CROISADES

De l’exhortation du calife pour le Jihad fi-Sabilillah et la chute de Qal’at ar-Roum

 

Au mois de Rabi’ Awwal de cette année, le souverain des Tatars, Arqoun mourut et son frère Kaykhatou lui succéda mais ce dernier se livra à la pédérastie et s’attira la haine de ses sujets. Argoun laissa deux fils Kazan et Rharbinda.    

Toujours cette année Talabougha, le fils de Mango Timour fut assassiné par Baghiyah, le fil de Nahal, de Tatar, de Joushi Khan, fils de Shinjiz Khan et fut succédé par Taktouqa son frère.

 

 

 

Le 14 du mois de Safar de l’année 691 de l’Hégire (1292), un des dépôts de la citadelle de la Montagne prit feu et une immense quantité de livres et d’objets furent consumés par les flammes.

 

Le vendredi 28 de ce même mois, le calife Hakim Bi-Amrillah prononça dans la mosquée de la citadelle de la Montagne, un prêche éloquent dans laquelle il exhorta vivement les Musulmans à combattre dans la voie d’Allah avant de guider Salat al-Joumou’a.
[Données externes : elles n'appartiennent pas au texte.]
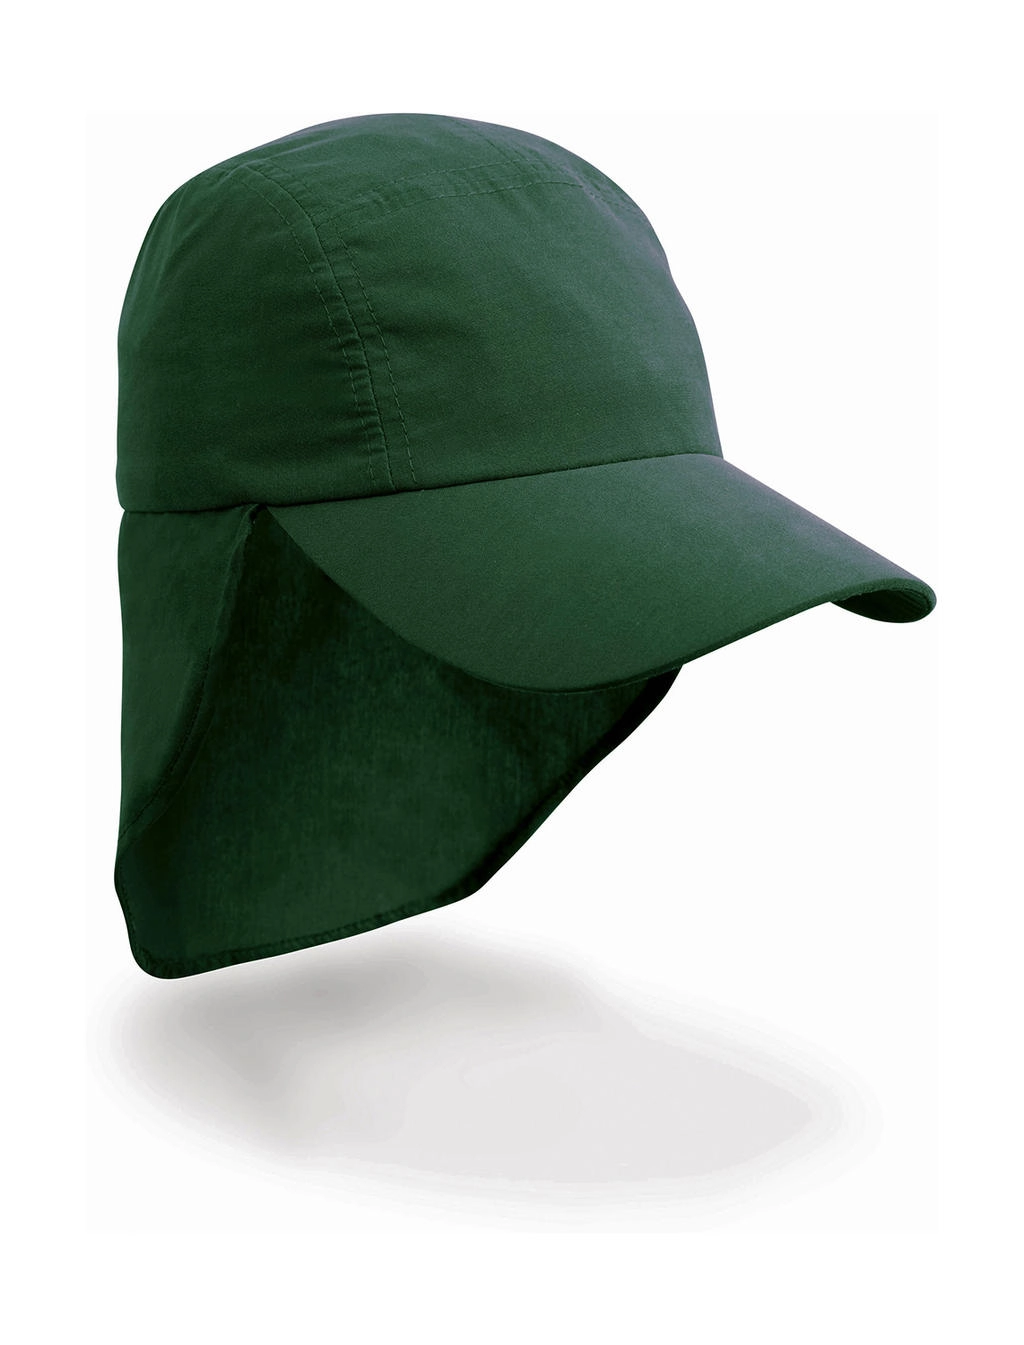 Junior Ulti Legionnaire Cap zum Besticken und Bedrucken in der Farbe Bottle Green mit Ihren Logo, Schriftzug oder Motiv.

Ce même jour, le départ pour lutter dans la voie d’Allah fut décrété et à la huitième heure du samedi 8 du mois de Rabi’ Thani, le sultan al-Malik Ashraf Salah ad-Din al-Khalil se mit en marche à la tête de son armée au complet après avoir été informé que les Tatars avaient fait une incursion du côté de Rahbah et enlevé un grand nombre de troupeaux. Un détachement quitta Damas pour aller les combattre et le samedi 6 du mois de Joumadah Awwal, le sultan entra à Damas ou toutes les troupes musulmanes se trouvèrent rassemblées le lundi 8 de ce même mois.
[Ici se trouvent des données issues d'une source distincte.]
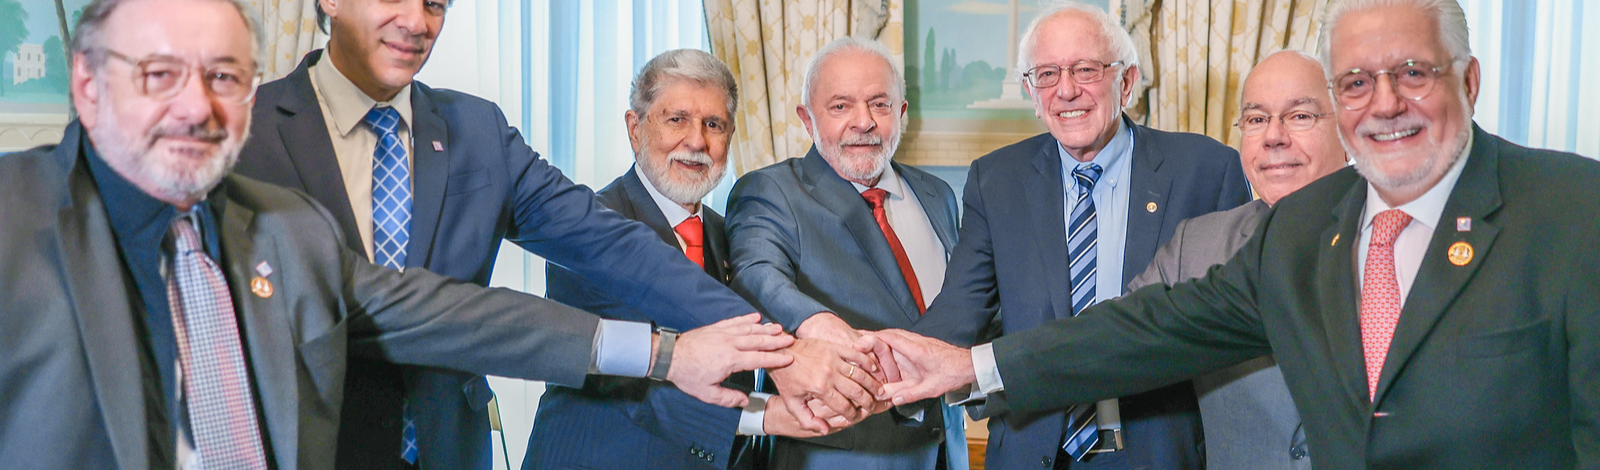 Juca Ferreira | Liderança de Lula tem relevância mundial e isso precisa ser espelhado no Brasil

Quelques jours plus tard, al-Malik al-Mouzaffar, le souverain de Hamah arriva ainsi que l’armée de Syrie qui prit aussitôt la route d’Alep. Le sultan passa alors ses troupes en revue et à la cinquième heure du lundi 16, il quitta Damas et fit son entrée à Alep, le 28. Il quitta cette ville le 4 du mois de Joumadah Thani et se dirigea vers Qal’at ar-Roum ou il arriva le mardi 8 de ce même mois et établit son camp sous les murs de la forteresse puis, il fit déployé vingt catapultes avec lesquelles il martela les remparts tandis que les sapeurs s’activèrent à miner la muraille. L’émir Sanjar ash-Shouja’i fit fabriquer une chaîne qui fut fixée d’un côté aux créneaux de la citadelle et l’autre solidement dans le sol que les soldats utilisèrent pour donner l’assaut après avoir combattu avec le plus grand courage.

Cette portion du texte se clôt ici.